Rear outter boot on the brown truck headed your way.


----------



## jctgumby (Apr 23, 2009)

^^^ Nice. Awesome job Tyler. This is why I try to use SuperATV for as much stuff as I can for myself and also recommend you guys to all of my buddies. Keep it up guys.


----------



## bigblackbrute (Jun 3, 2009)

Yeap always had top notch service from Tyler and super atv except for some goof that answers the phone sometime. 

FATBOYZ CUSTOMZ


----------



## Waddaman (Oct 3, 2010)

I agree, MOST of the time customer service is the best at super ATV. But once in a while you will get some guy that doesn't know what he's talking about/is rude..


----------



## brute574 (Aug 10, 2011)

SuperATV said:


> Sir I apologize for your frustrations. Travis is a new employee of only 2 weeks, I know that does not make it right, but If you could shoot me over a PM of whats going on I will gladly help you out and get you taken care of.


 
THANKS, I Understand the Problem Now, We All Have to Learn Sometime, Don't Be To Hard On him


----------



## brute574 (Aug 10, 2011)

SuperATV said:


> Sir I apologize for your frustrations. Travis is a new employee of only 2 weeks, I know that does not make it right, but If you could shoot me over a PM of whats going on I will gladly help you out and get you taken care of.

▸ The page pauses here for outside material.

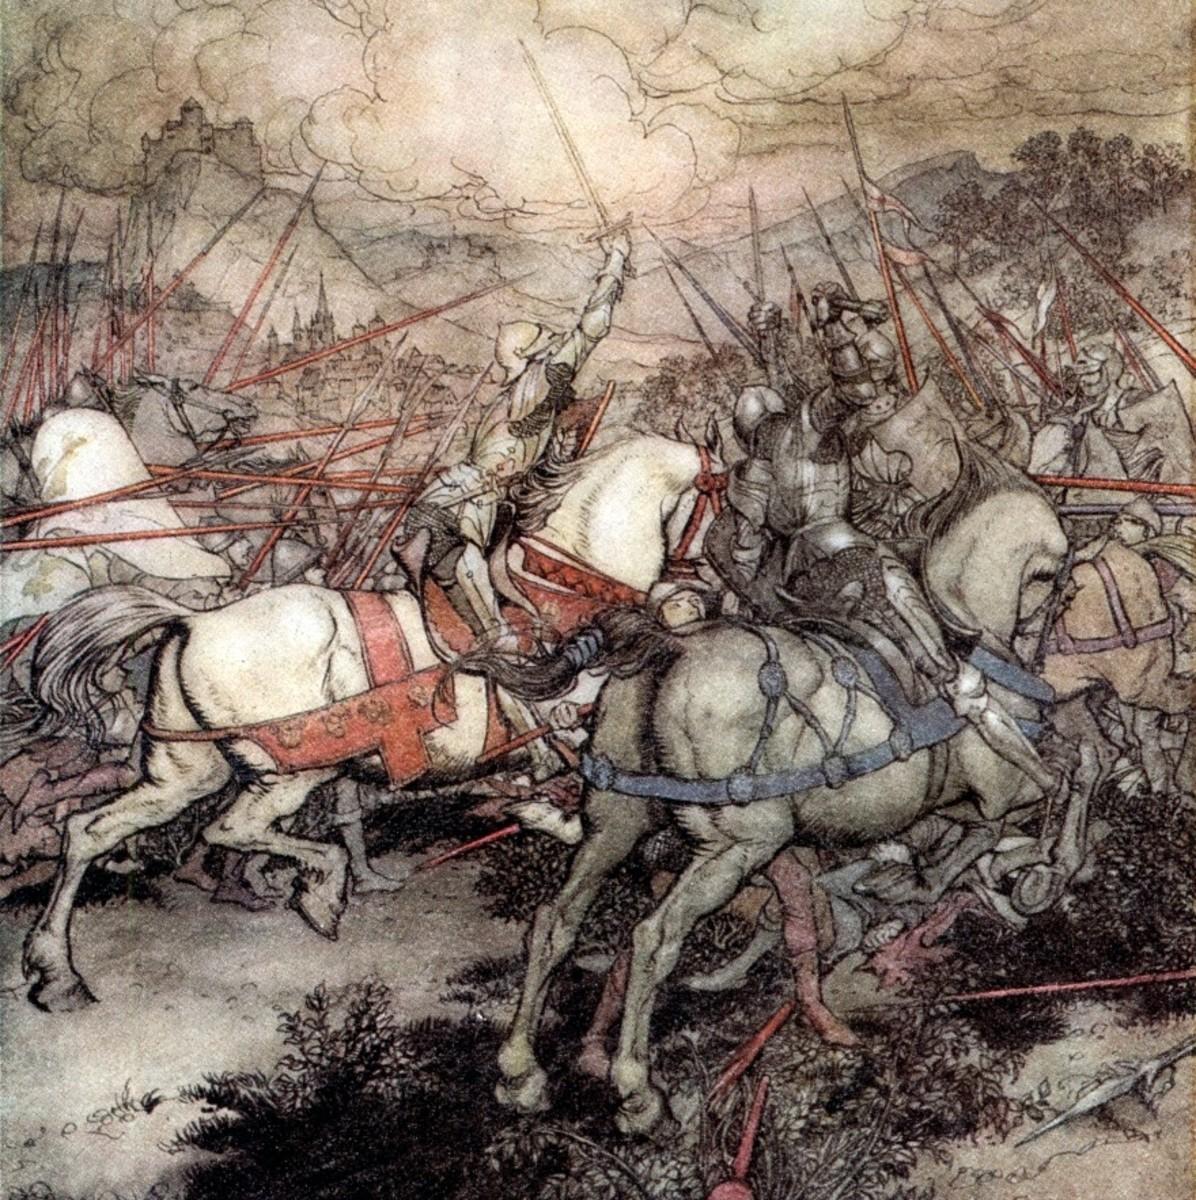 Art by Arthur Rackham, 1917
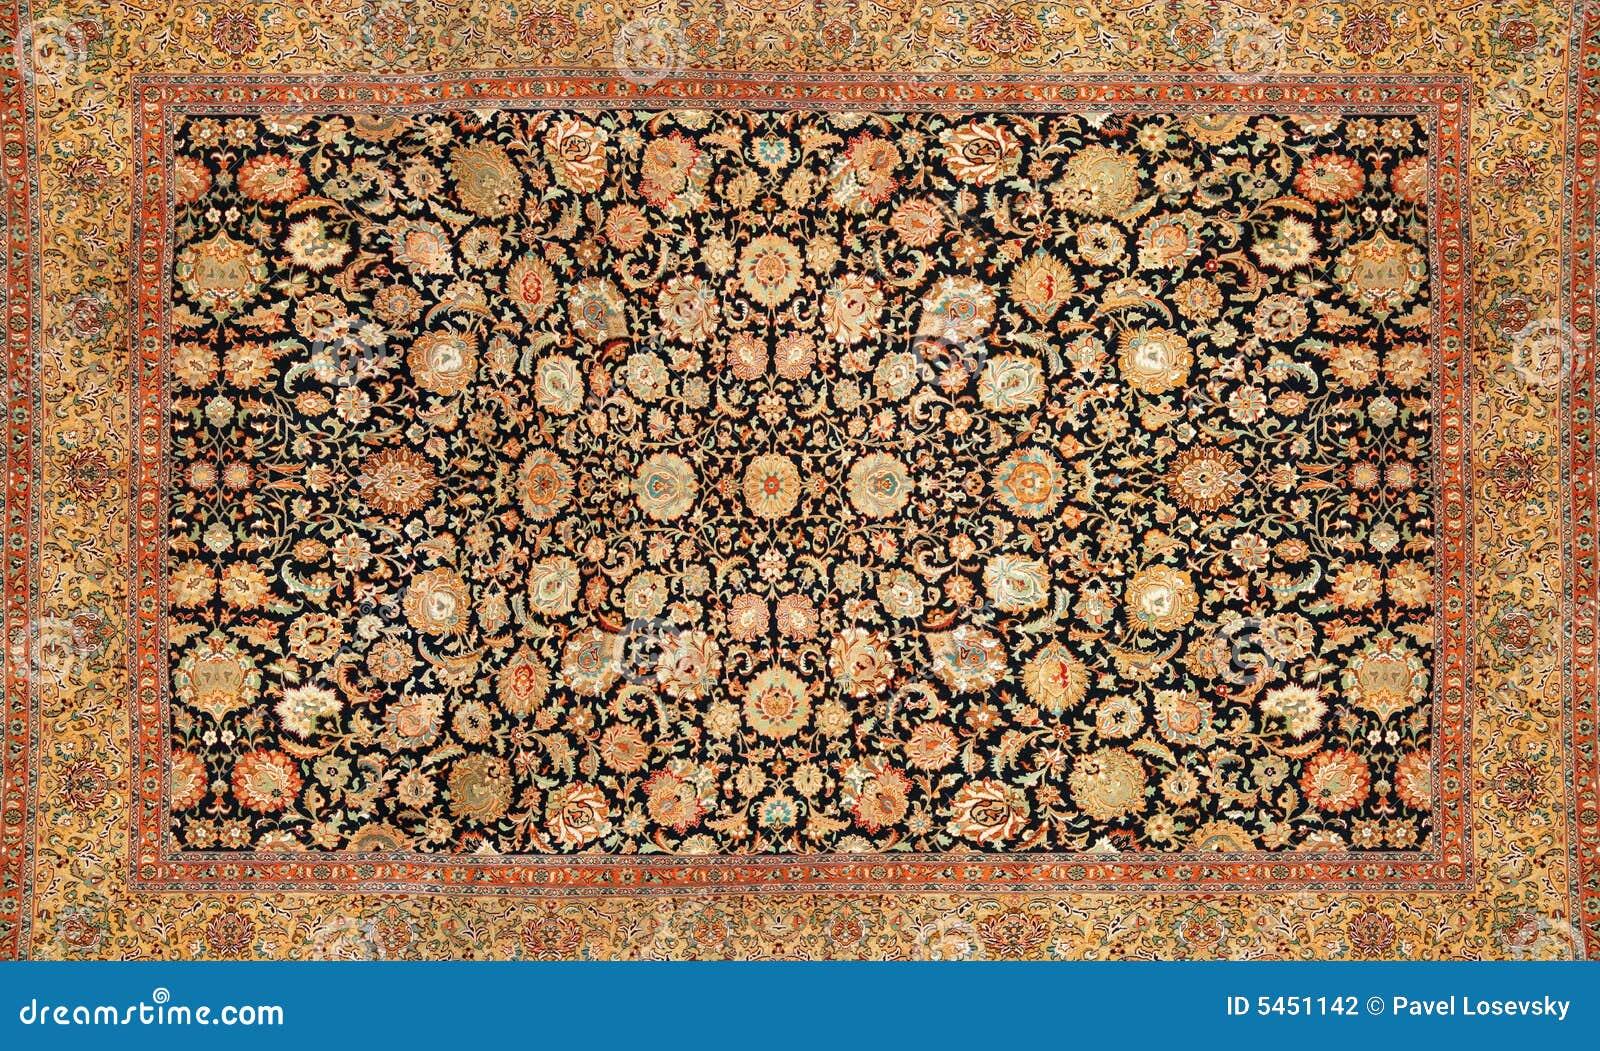 Orientalischer teppich  Orientalischer Teppich Stockfotografie - Bild: 5451142

Called Mon this Week With a Broken CV joint on my NEW Axle. Talked With Travis Again, He Put me on Hold For 5 Min Came Back and told me Just Send the CV Joint. I get a Call Today From Mike and Claims You Don't just Replace the CV. So Now After A Week Wasted By Travis I'm Not RIDING.

I called Back this Afternoon and Talked With KC, He Said He Would get it Taking Care Of.


----------